How do you make time for your book marketing?

Again, I am basically trash at this. Writing is always my first priority—a thing made evident by the fact that I dropped off social media entirely last month while finishing A Dark Sky Opens.

When I’m not on deadline, I like to alternate days of writing and days of marketing. One day, I’ll throw down words on a new manuscript or outline. The other, I’ll do something that nurtures my marketing endeavors. Keeping a black-and-white approach helps a lot.  

How do you handle rejection as a writer?

Rejection, indiscriminately, sucks ass. (Am I allowed to say that?) But I’ve gotten better with critical feedback—and more specifically, acknowledging that the perception of art is always subjective.

Honestly, though, I’ve got a pretty thick skin (as a person, and as a writer). Not everybody will enjoy my kind of writing. That’s totally fine. Doesn’t mean I’m going to stop writing it, publishing it, and posting a million pictures of it on Instagram! 

How do you deal with isolation, as writing is an inherently private exercise?  

Well, I’m a social recluse, so . . . Kidding. Kind of.

Tapping into the writing community is essential. I’ve forged friendships with so many writers online, it’s mind-boggling (especially to my mother, who’s still living in the age of Don’t Trust People On The Internet). Having them as a support system is such an advantage, especially when you’re feeling particularly misunderstood by the non-writers in your life!

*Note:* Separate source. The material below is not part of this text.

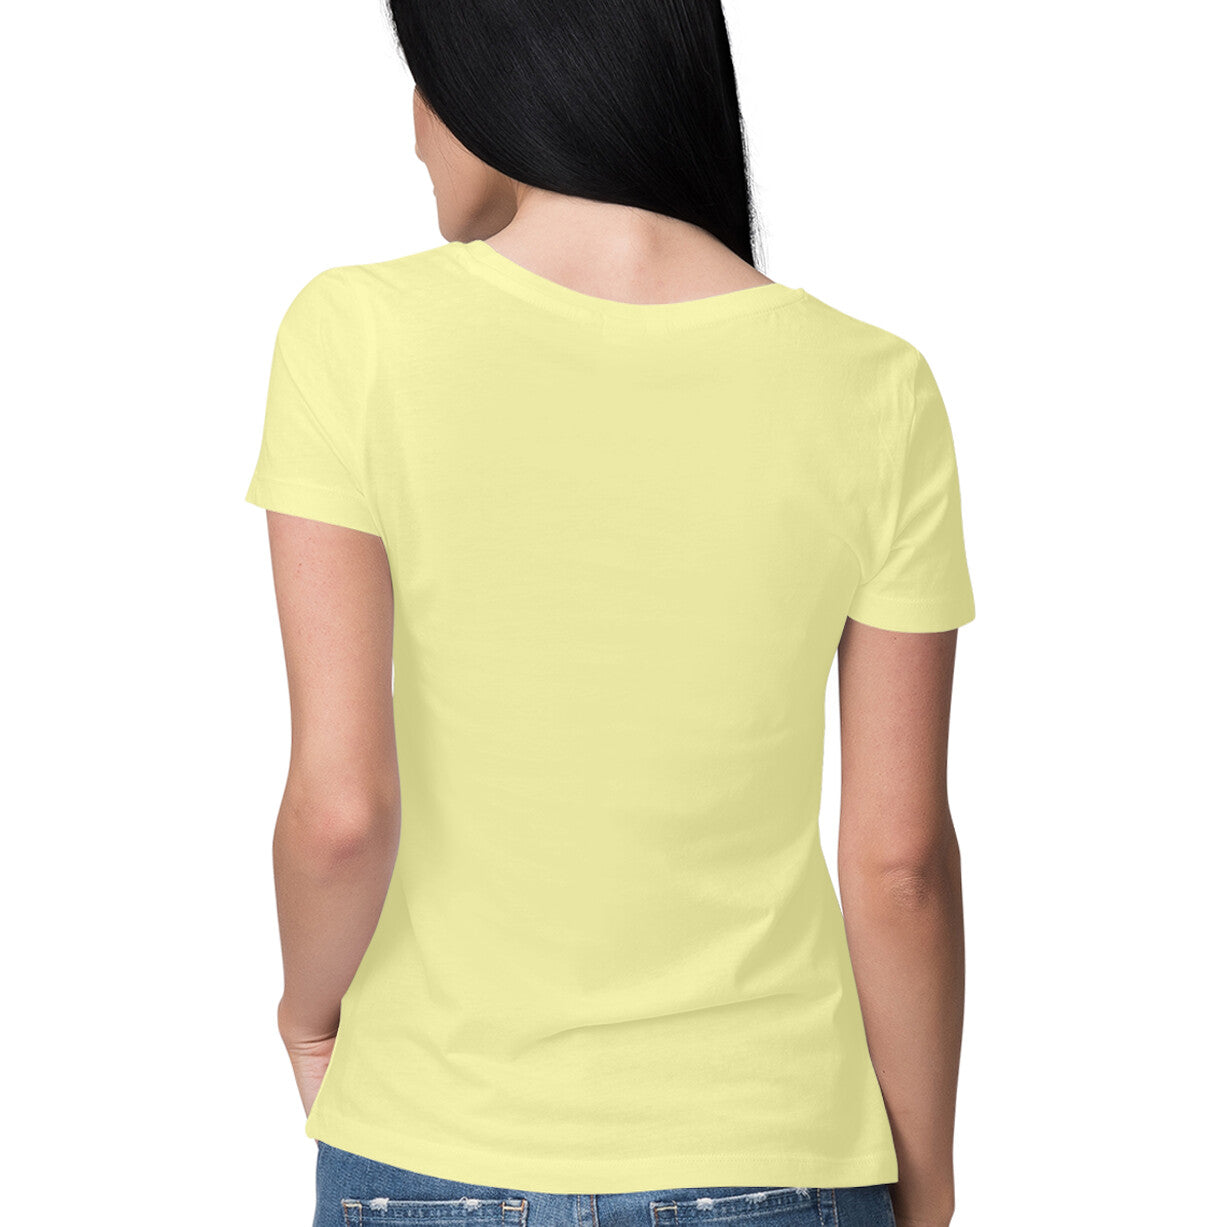 Never Give Up - Women's Butter Yellow Tshirt

Is there anything else you’d like to share with aspiring writers?

Several things:

1.     GET USED TO SHARING YOUR WORK (with qualified readers, who aren’t your mother or family members). Embrace the spiralling vertigo of vulnerability. Actually, no. Take it a step further and make it your home, because it’s not going to ever get easier or less intimidating.

2.     STUDY YOUR DAMN CRAFT. Writing is one thing. Story is another.  

3.     DON’T GIVE UP. There will be dark days when you doubt your writing. There will be even darker days when you realize others doubt it, too. These moments are self-defining and can even be empowering. I bet you’ve got more fight left in you than you’re aware of.